• [Provided material]
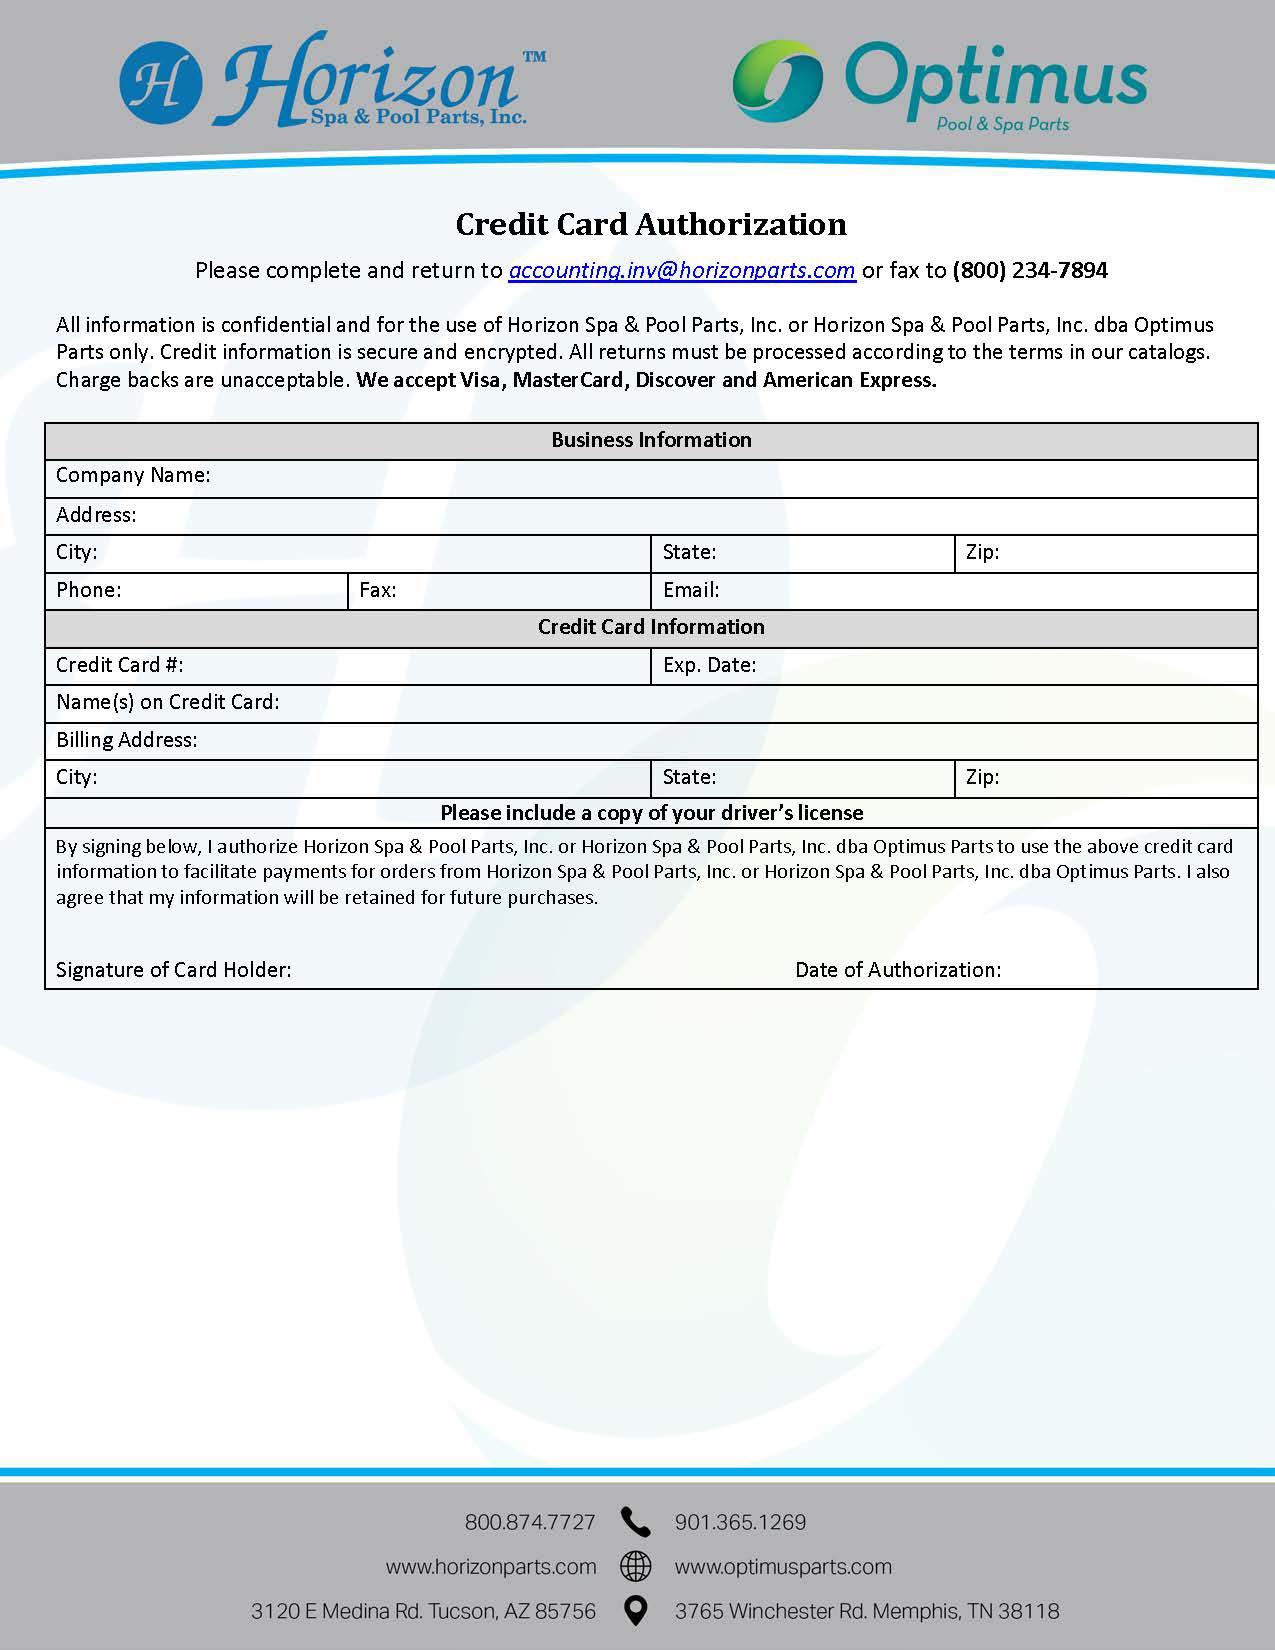 horizon spa pool parts inc credit card authorization form
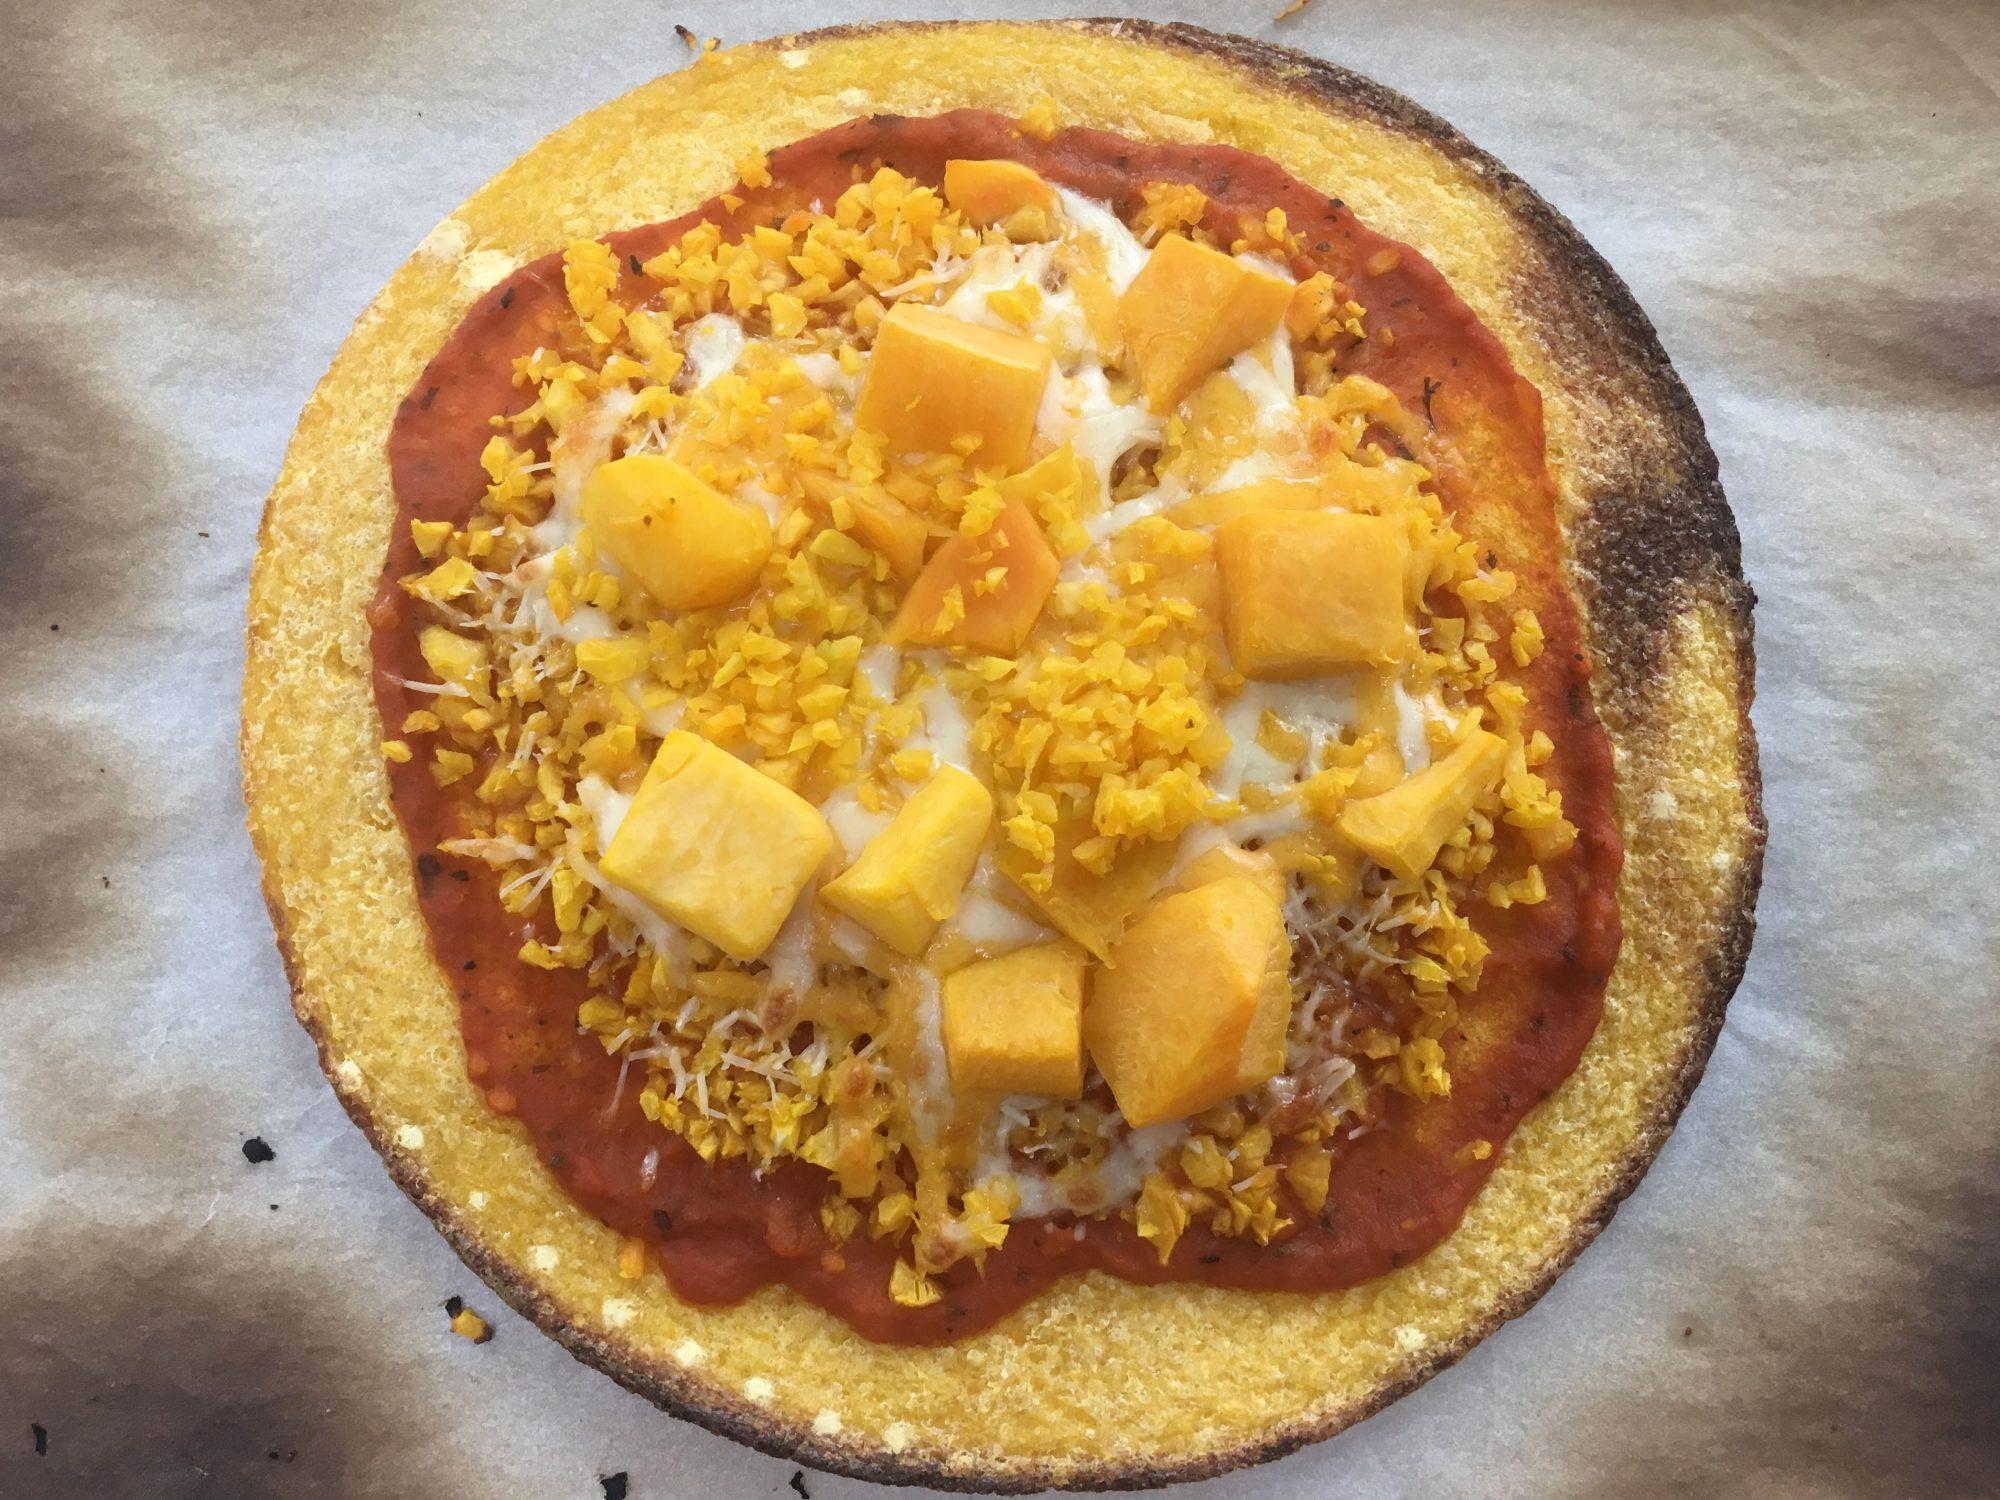 Trader Joe's Butternut Squash Pizza Crust Baked
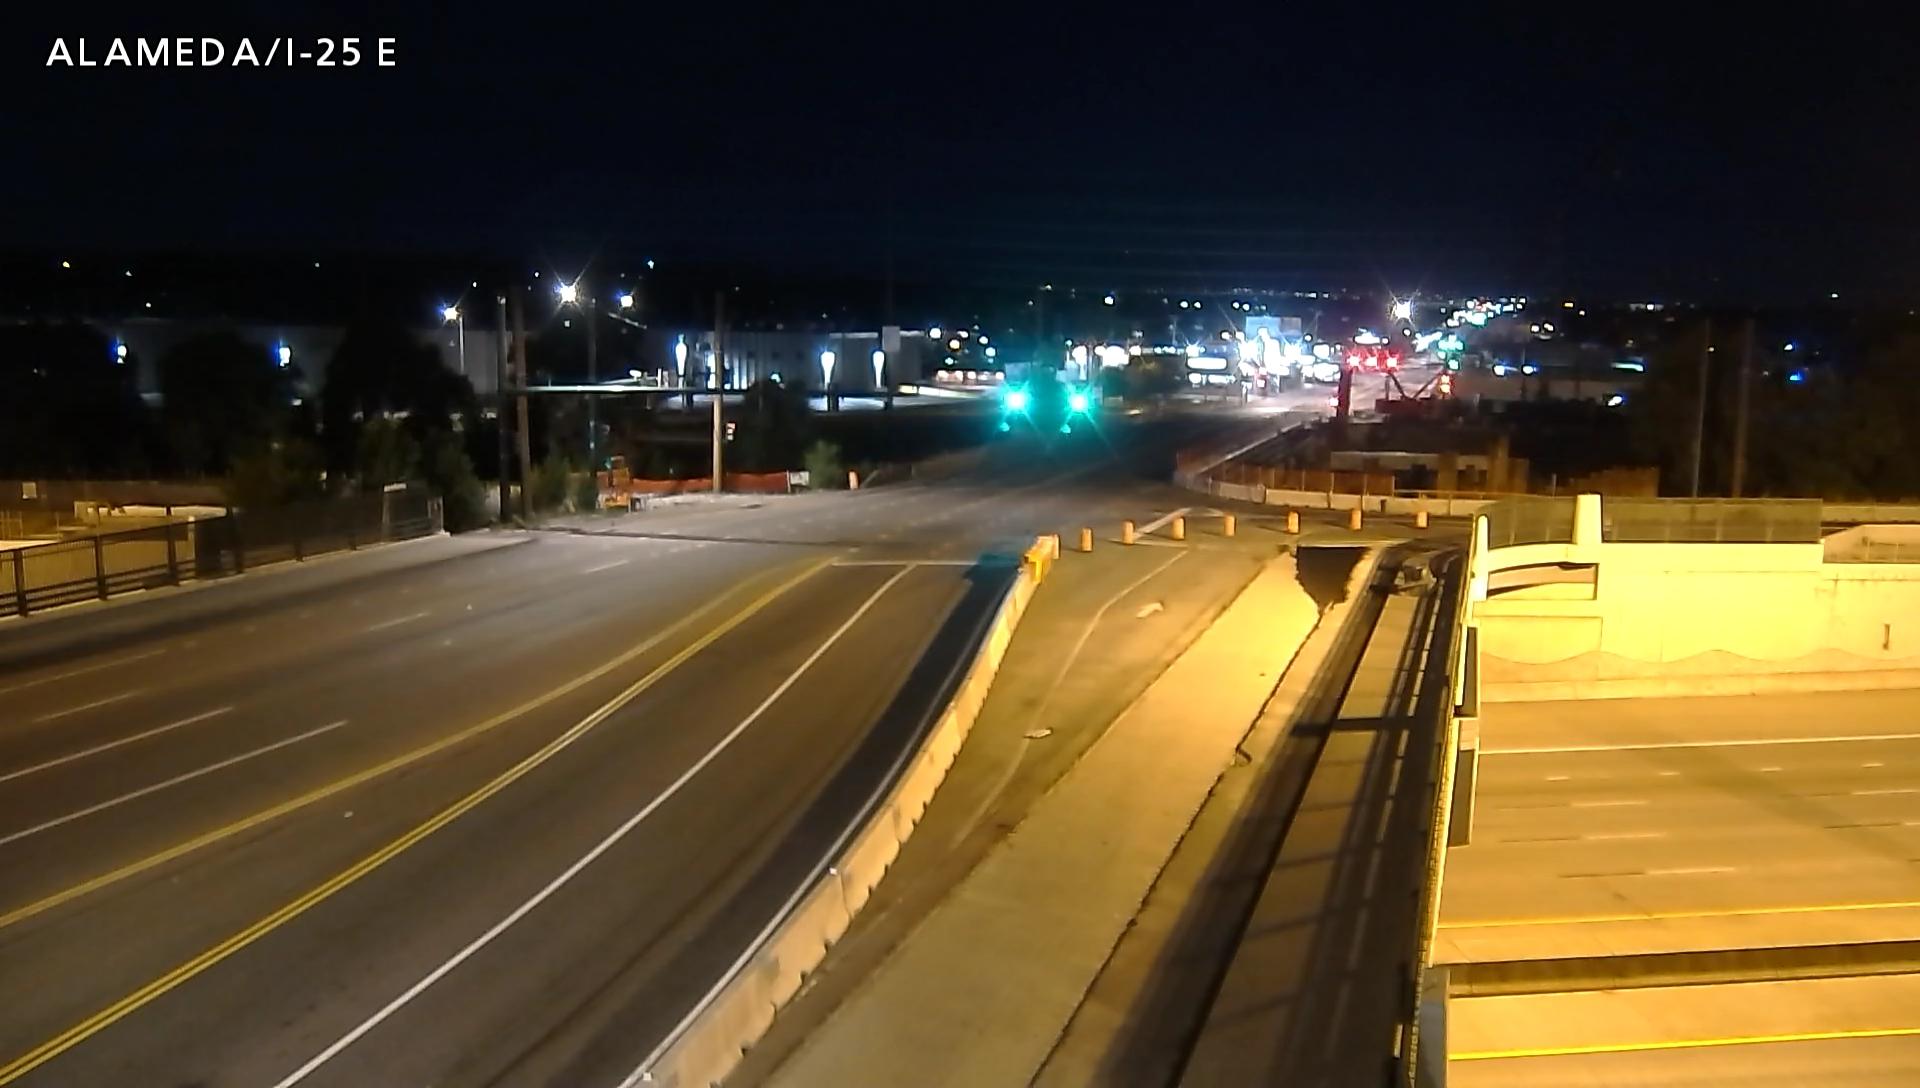 I-25 and Alameda Avenue

• [Exercise aim]
What is needed here is an exact transcript of the data above, pictures excluded.

• [Response below]
 horizon spa pool parts inc credit card authorization form
 Trader Joe's Butternut Squash Pizza Crust Baked
 I-25 and Alameda Avenue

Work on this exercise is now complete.